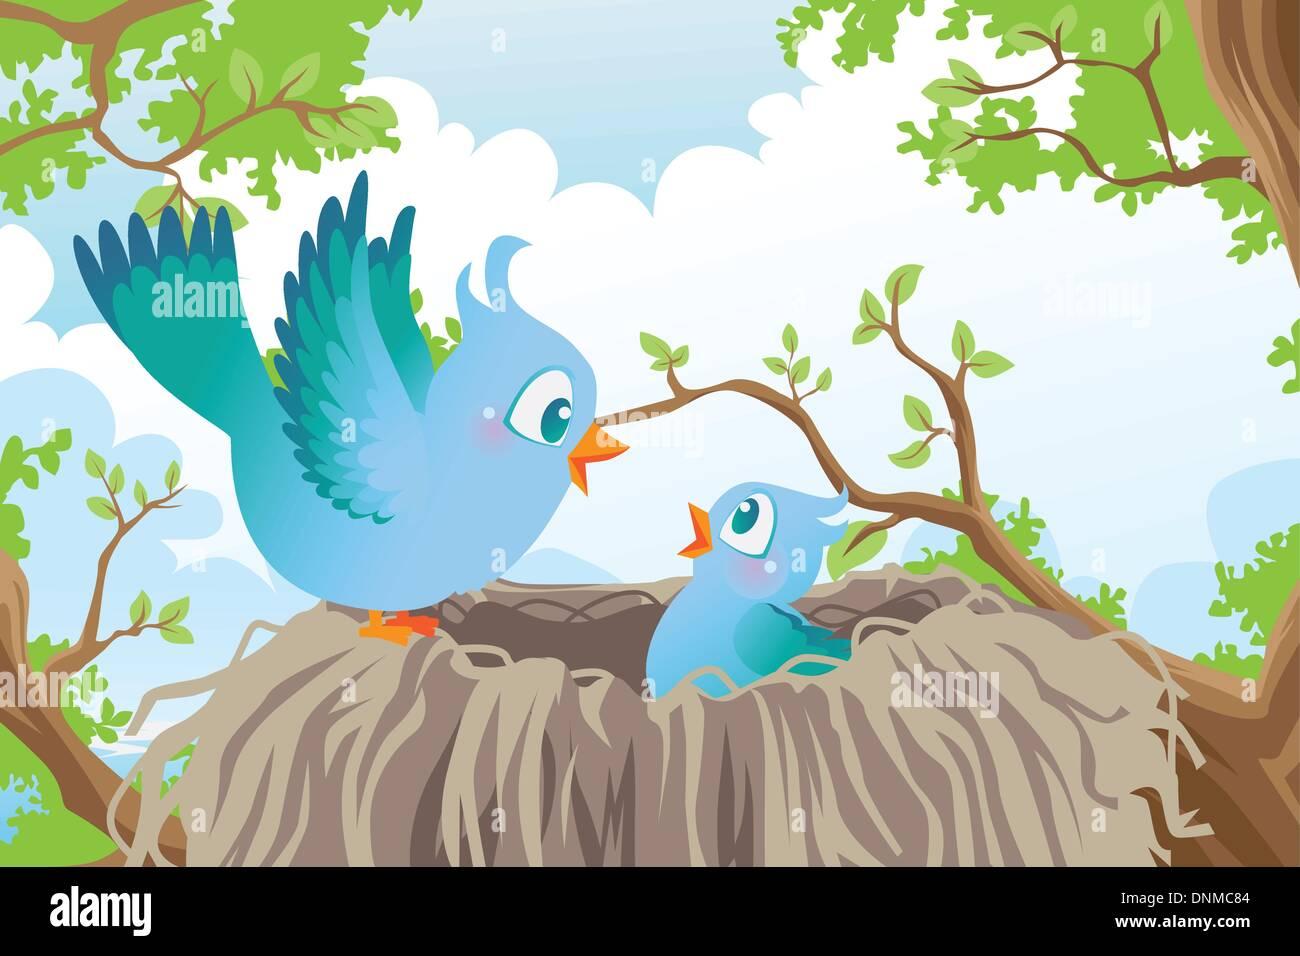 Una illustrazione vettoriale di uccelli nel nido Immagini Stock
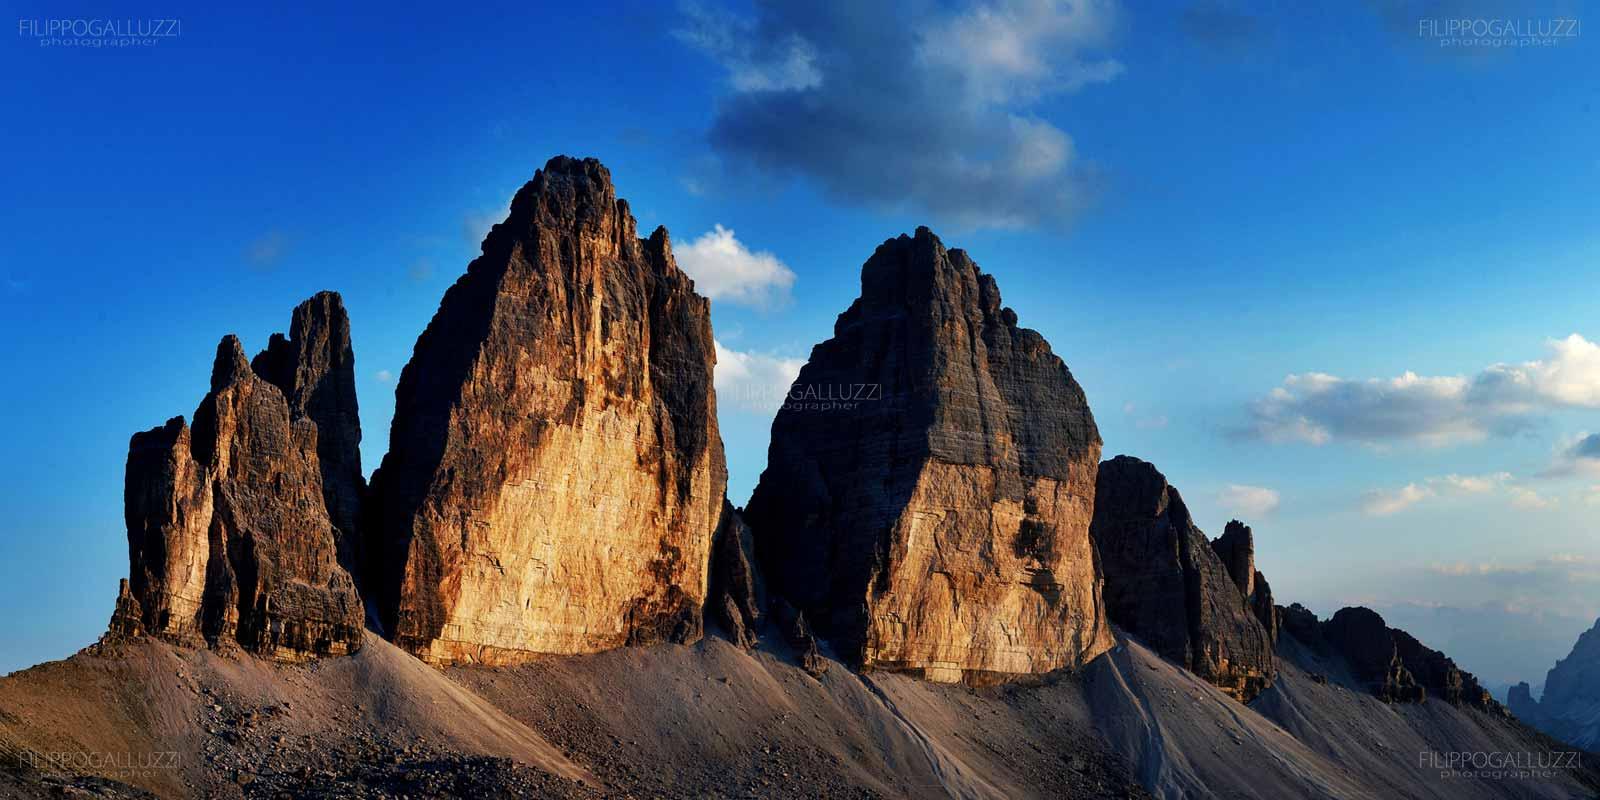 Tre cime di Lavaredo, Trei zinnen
════════
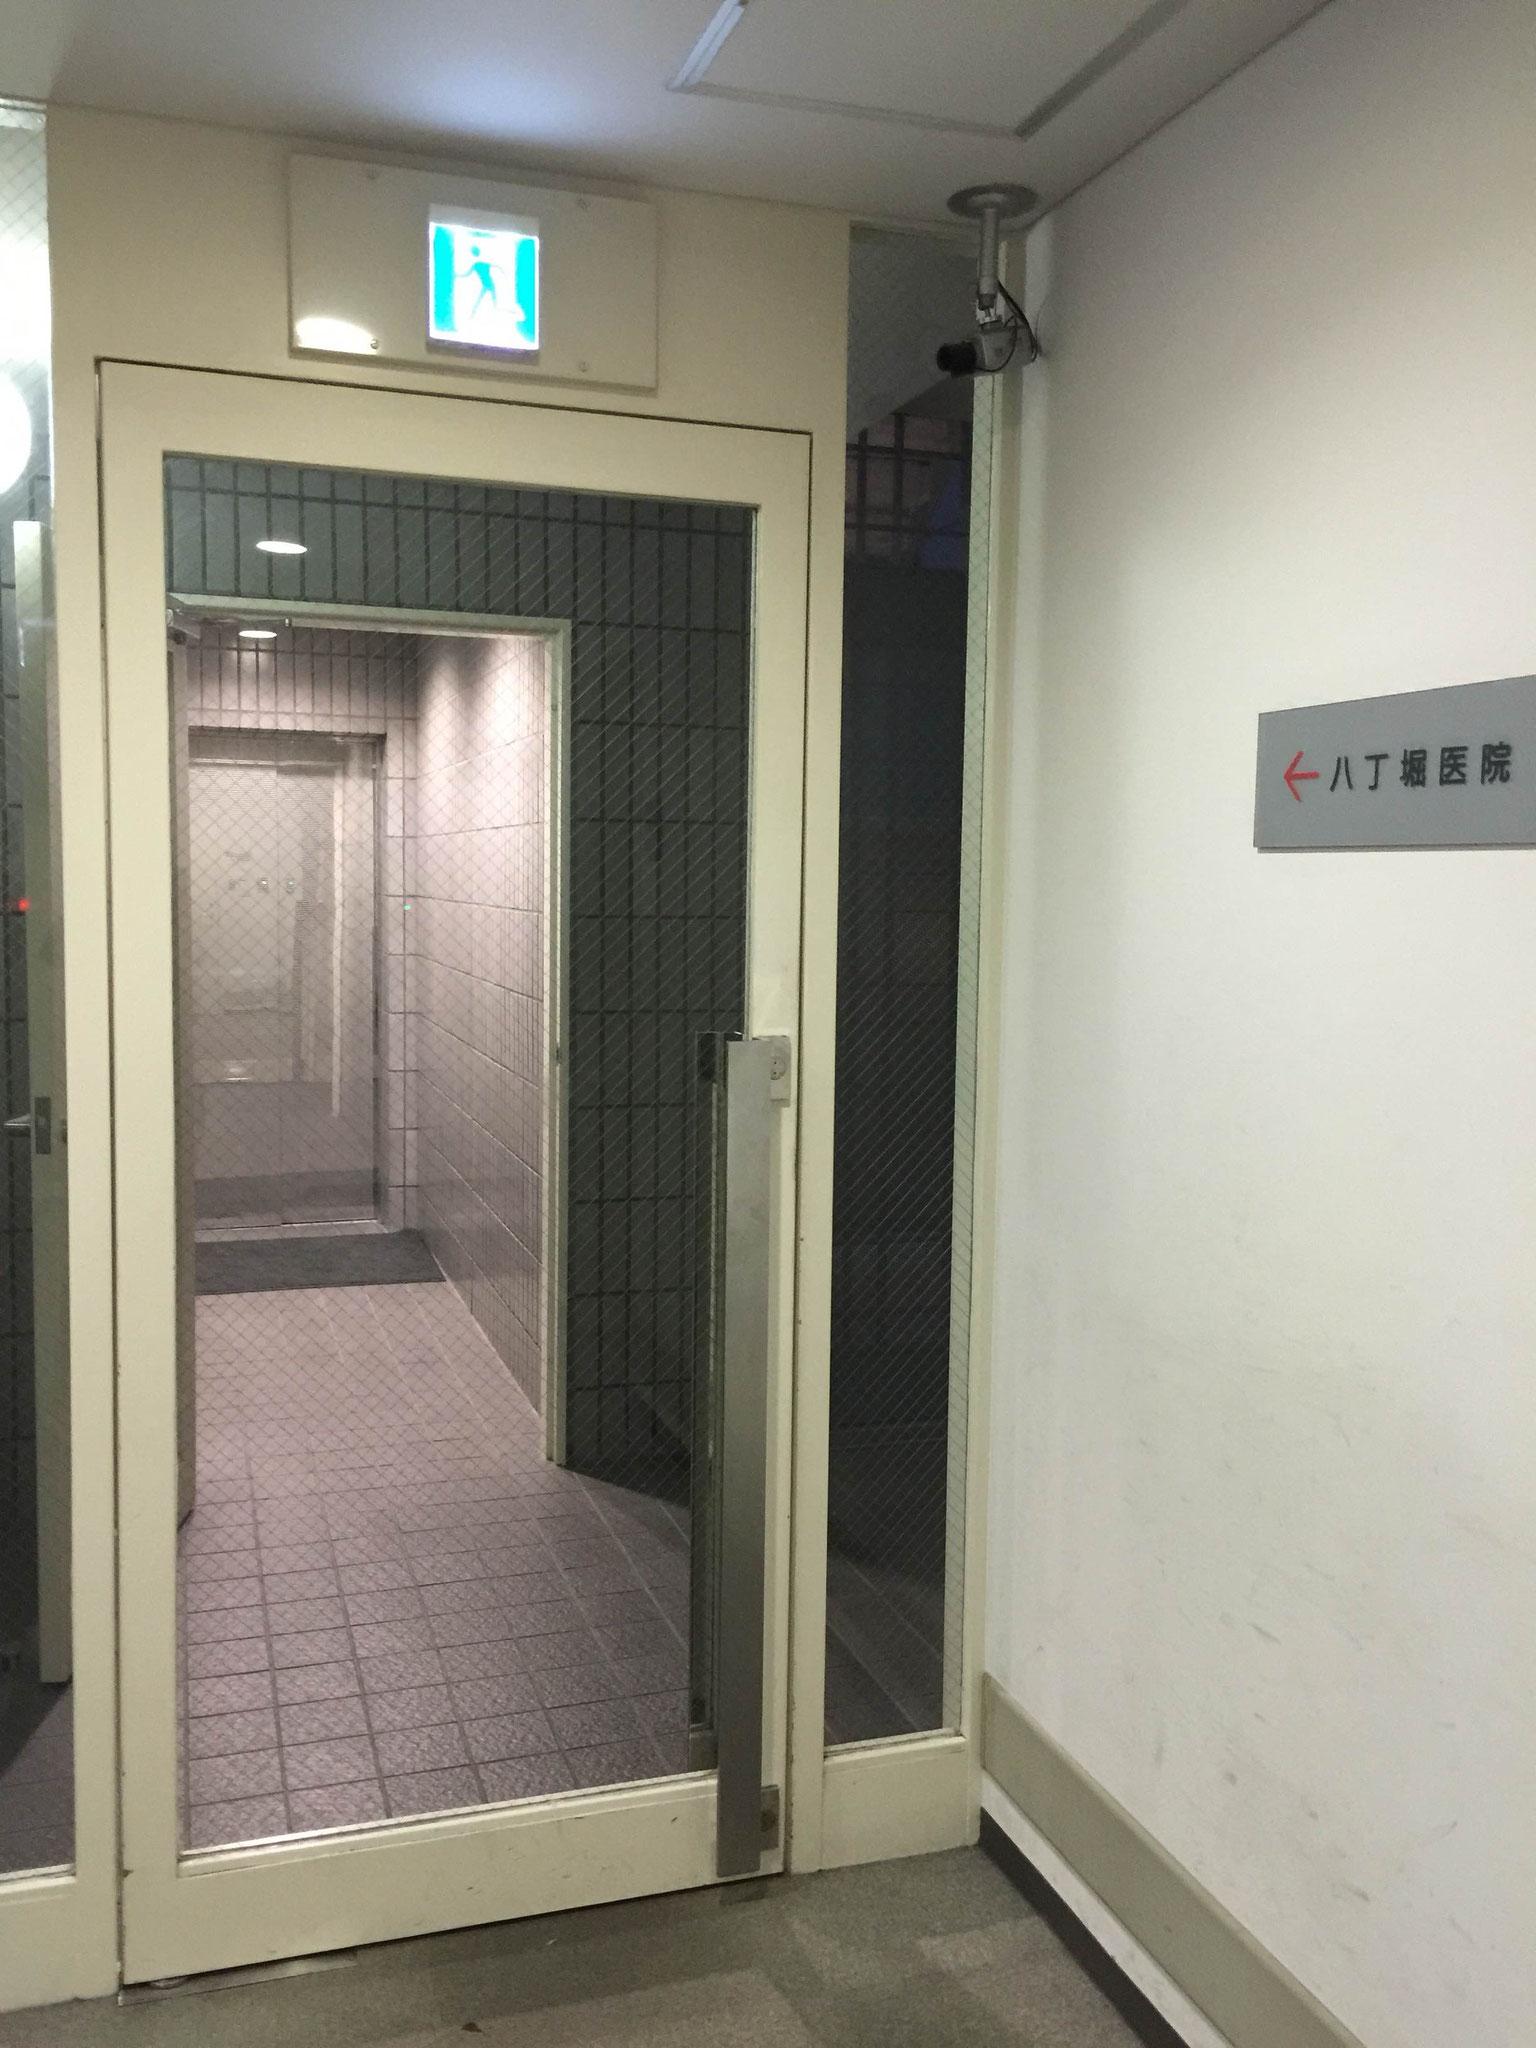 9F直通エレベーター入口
════════
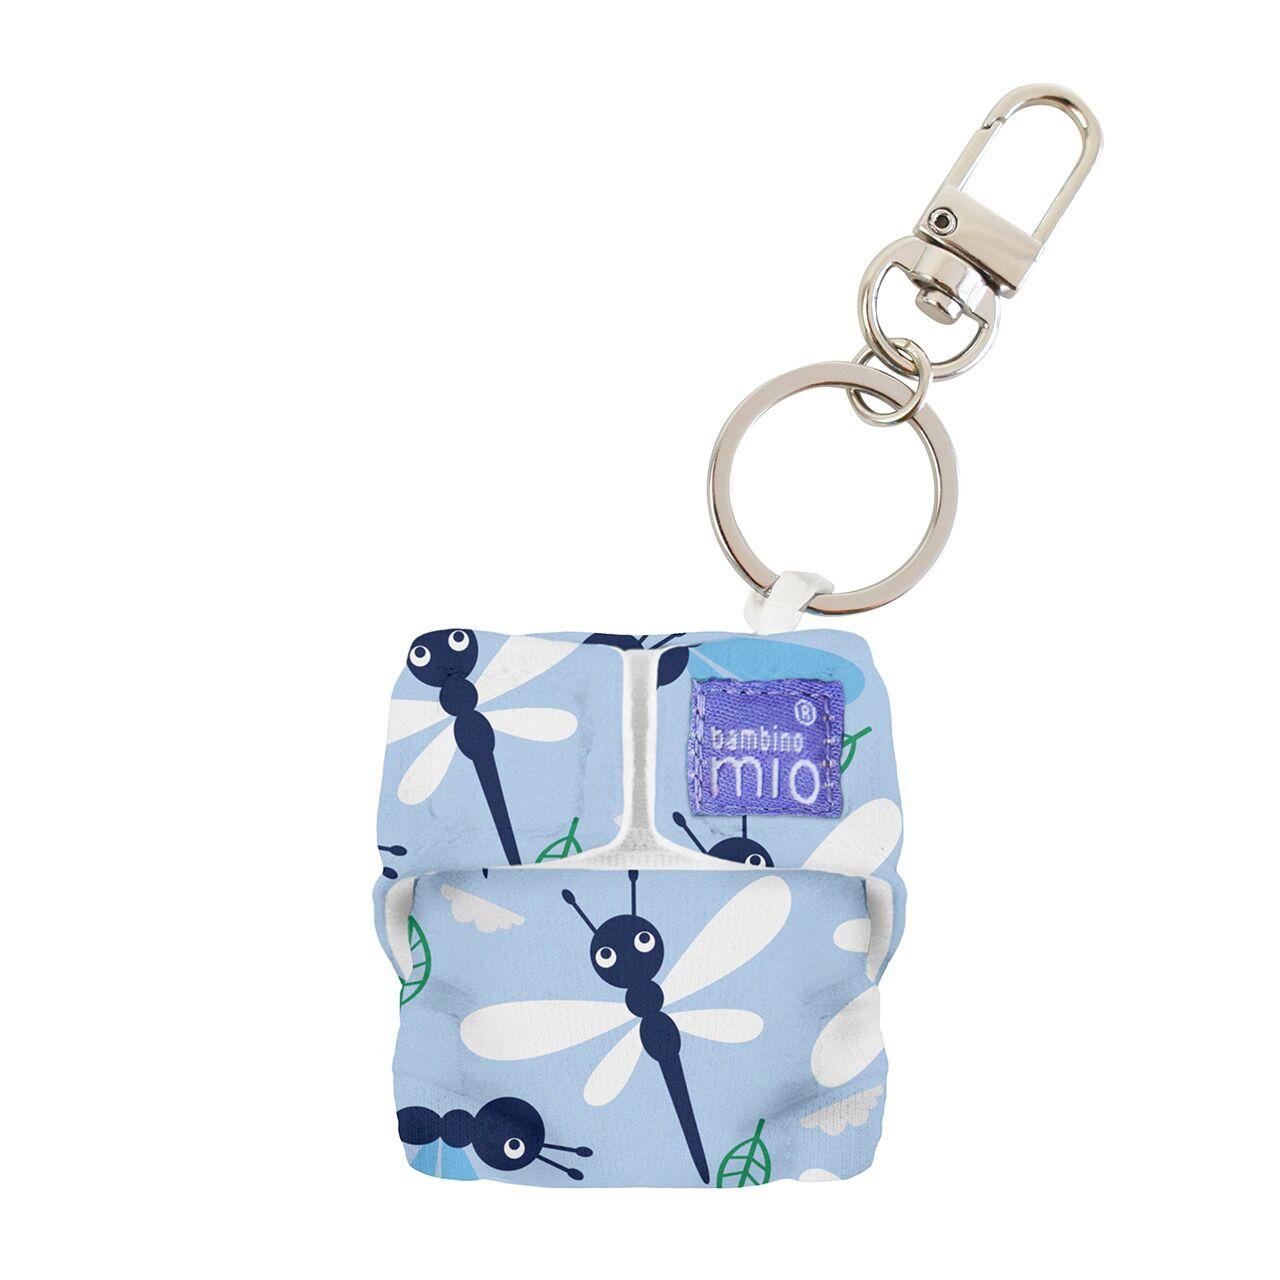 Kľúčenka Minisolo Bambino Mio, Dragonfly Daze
════════
In the records above, find the line with "Una illustrazione vettoriale" and the line with "Tre cime di Lavaredo, Trei zinnen", then restate word for word only those two lines and all lines between, omitting pictures.

 Una illustrazione vettoriale di uccelli nel nido Immagini Stock
 Tre cime di Lavaredo, Trei zinnen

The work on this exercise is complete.